> LISTED ENTRIES
● ● ● ● ●

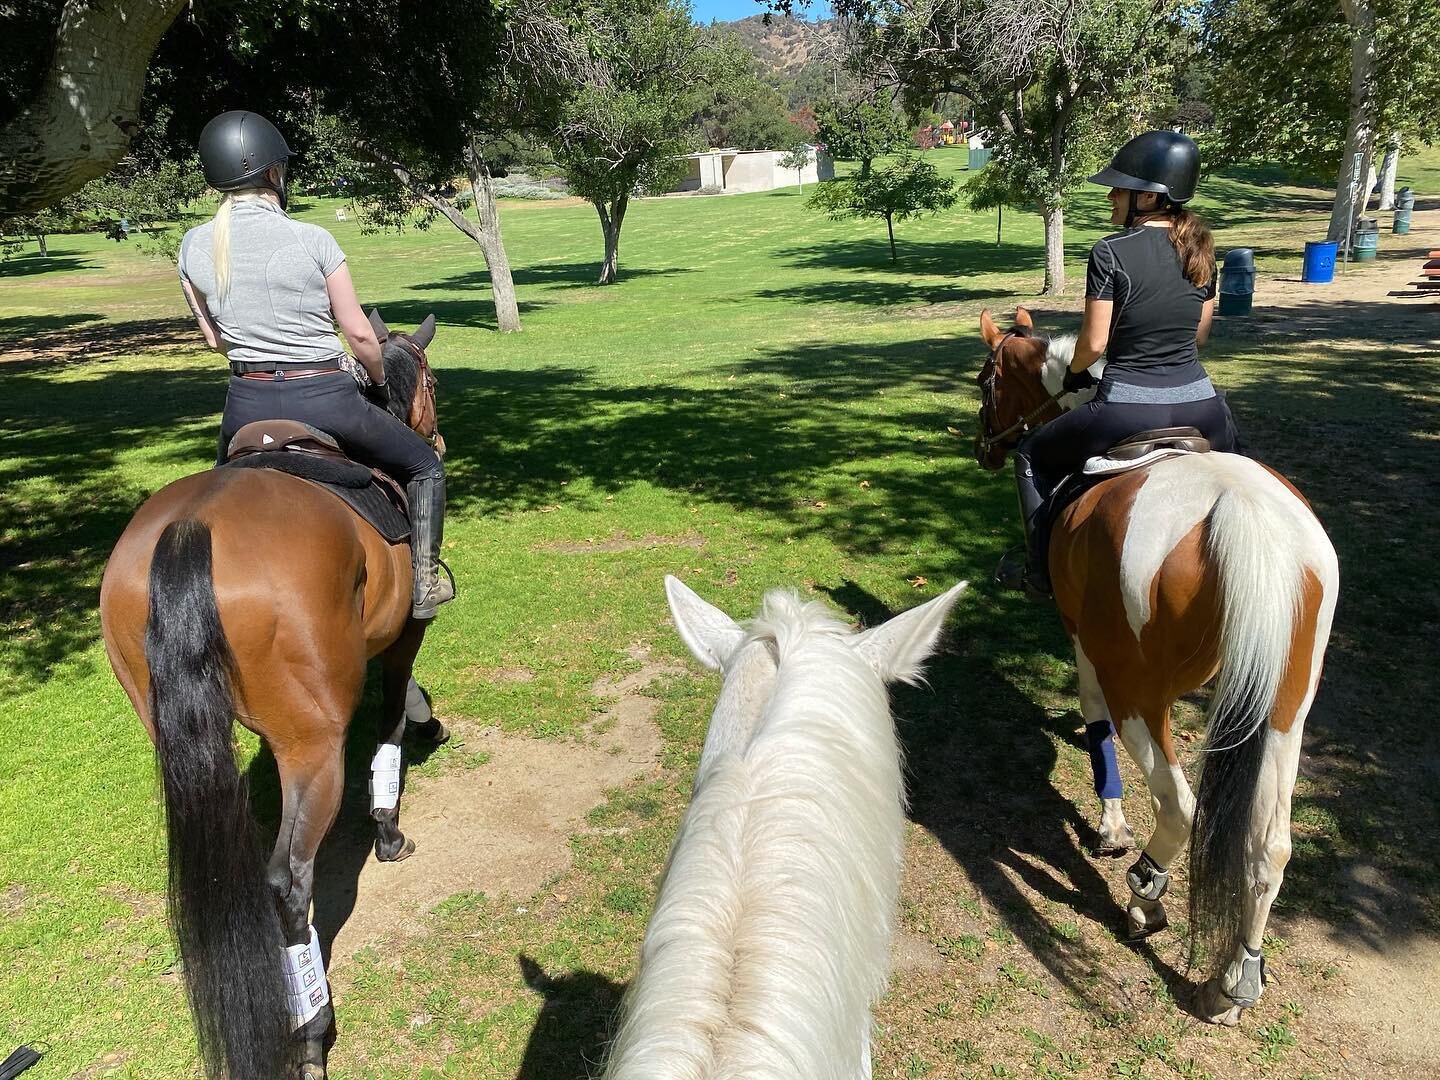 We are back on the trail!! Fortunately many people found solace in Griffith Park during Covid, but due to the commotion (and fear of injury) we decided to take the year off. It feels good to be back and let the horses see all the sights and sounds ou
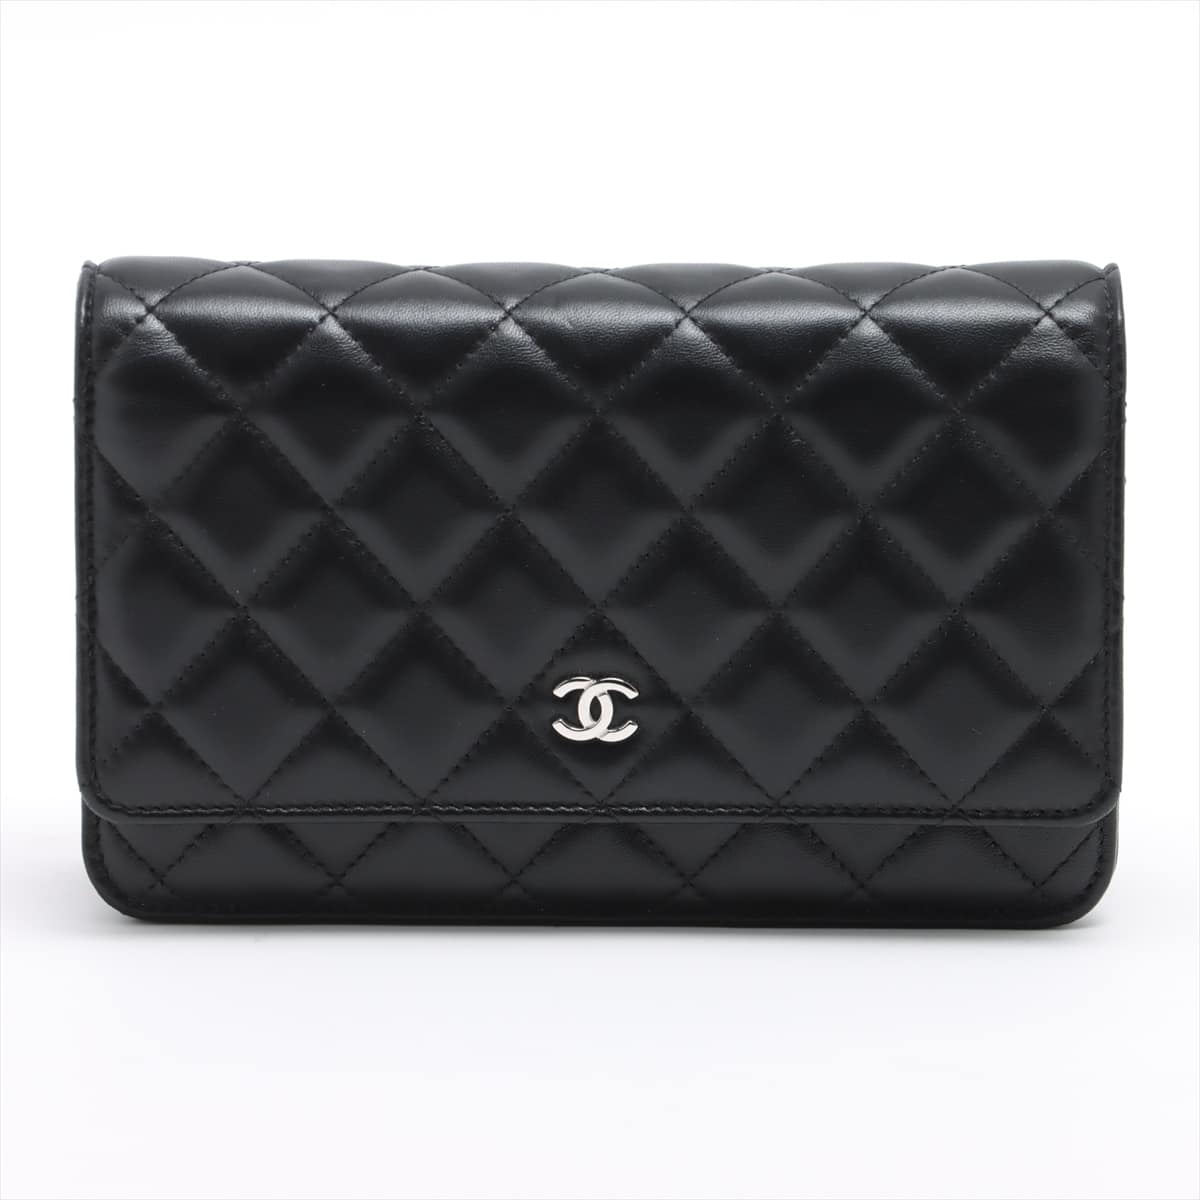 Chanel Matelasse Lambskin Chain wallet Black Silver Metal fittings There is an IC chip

● ● ● ● ●

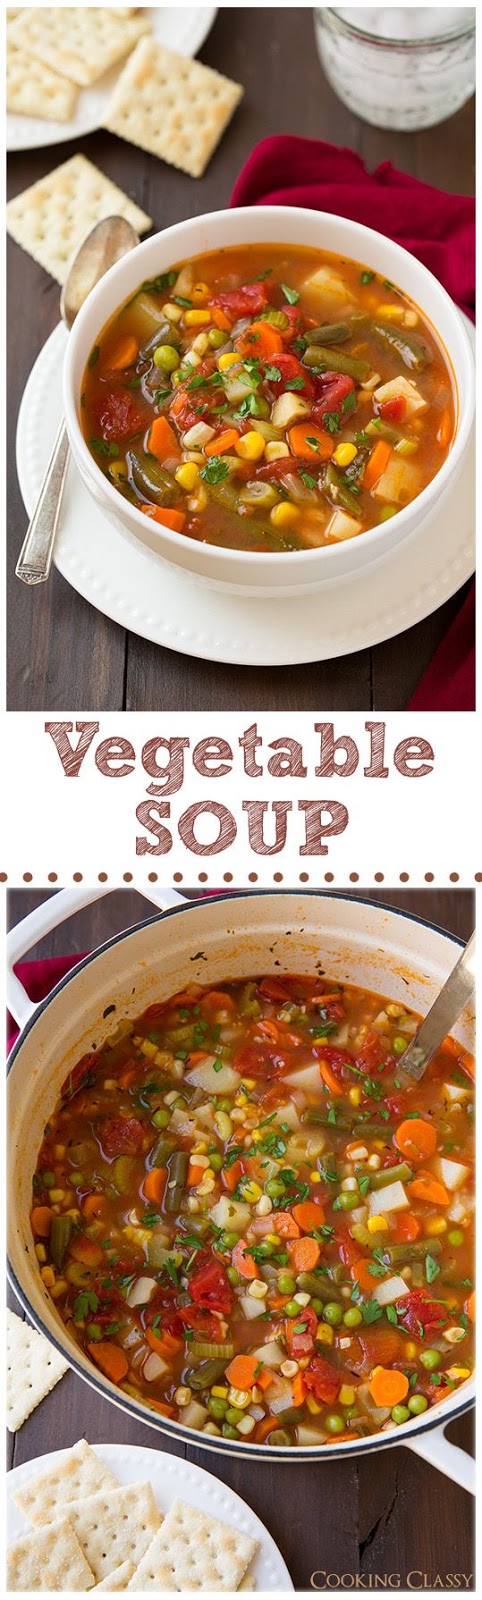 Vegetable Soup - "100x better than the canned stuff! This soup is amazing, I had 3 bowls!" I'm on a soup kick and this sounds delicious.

● ● ● ● ●

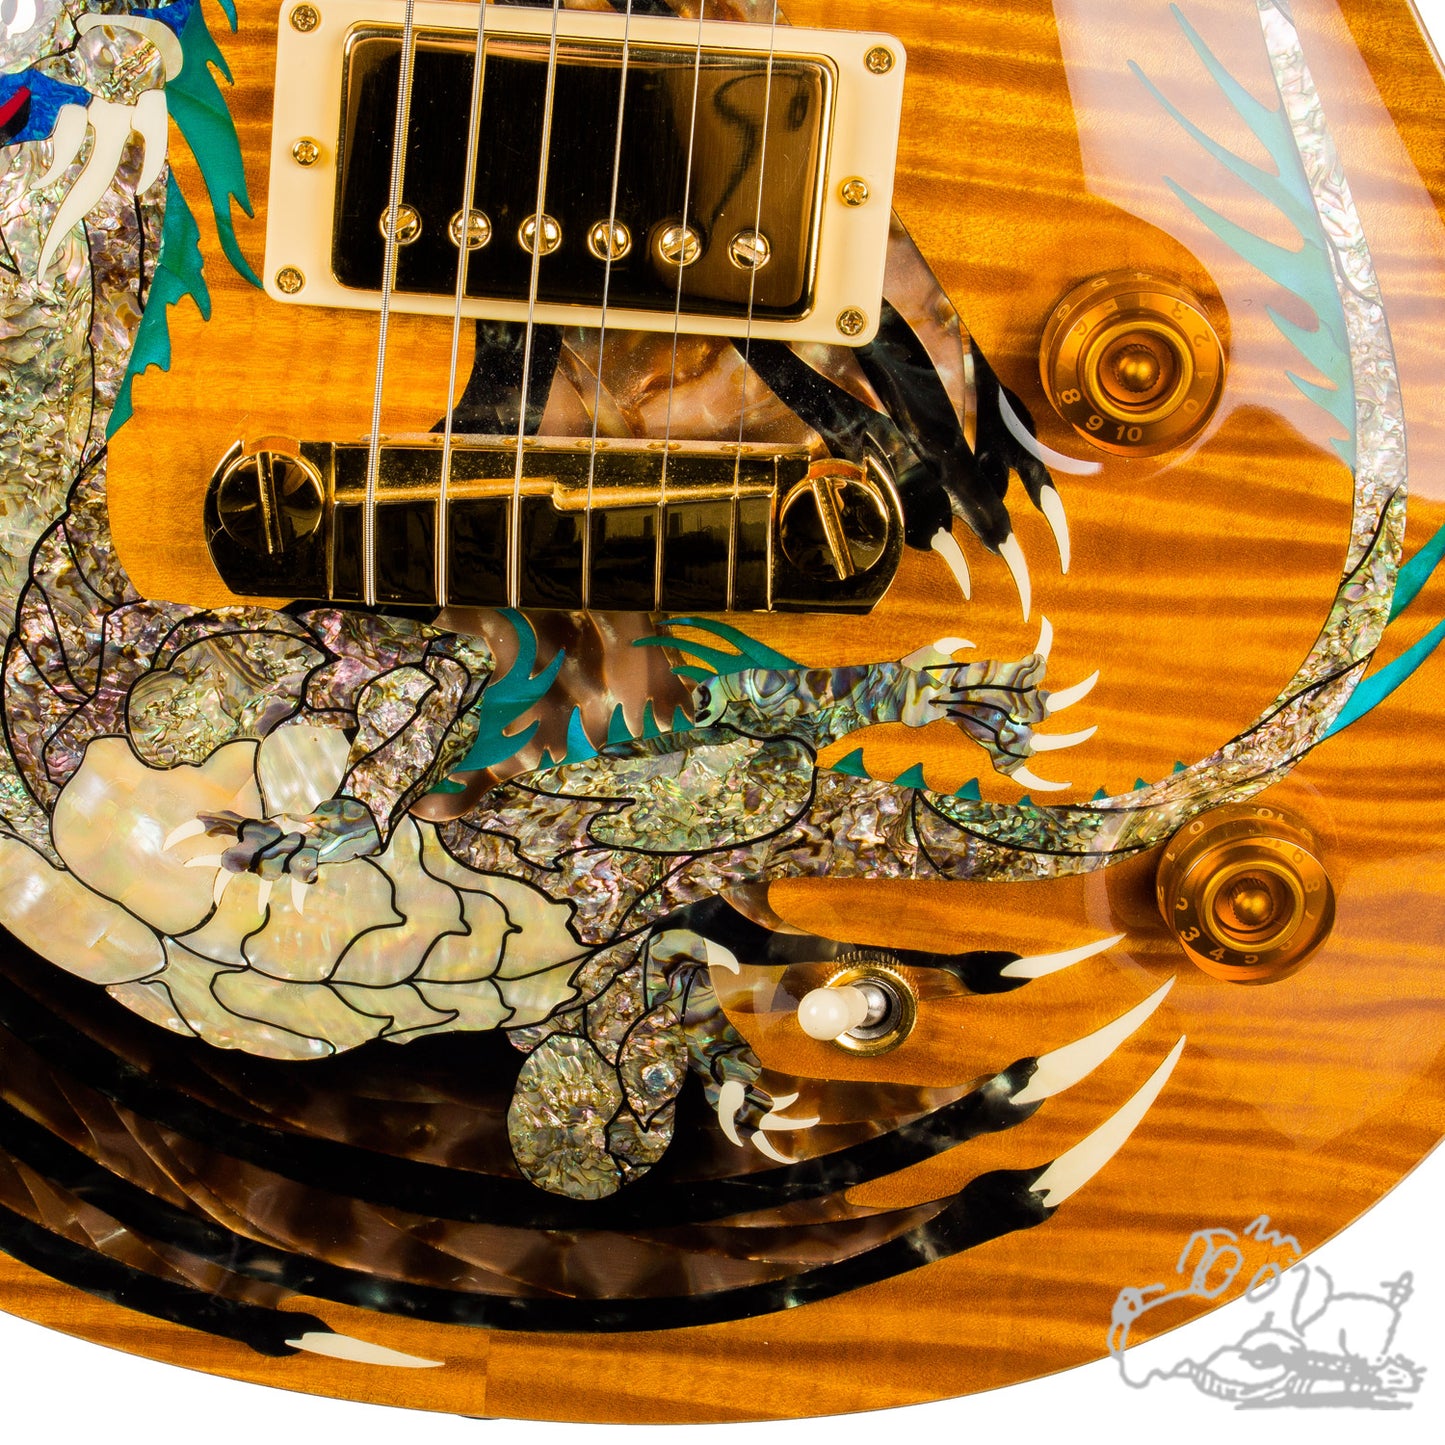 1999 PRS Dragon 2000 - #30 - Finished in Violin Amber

● ● ● ● ●

Give exactly the lines above that run from the line with "We are back" to the line with "Chanel Matelasse Lambskin", both included, leaving every picture out.

> ANSWER
 We are back on the trail!! Fortunately many people found solace in Griffith Park during Covid, but due to the commotion (and fear of injury) we decided to take the year off. It feels good to be back and let the horses see all the sights and sounds ou
 Chanel Matelasse Lambskin Chain wallet Black Silver Metal fittings There is an IC chip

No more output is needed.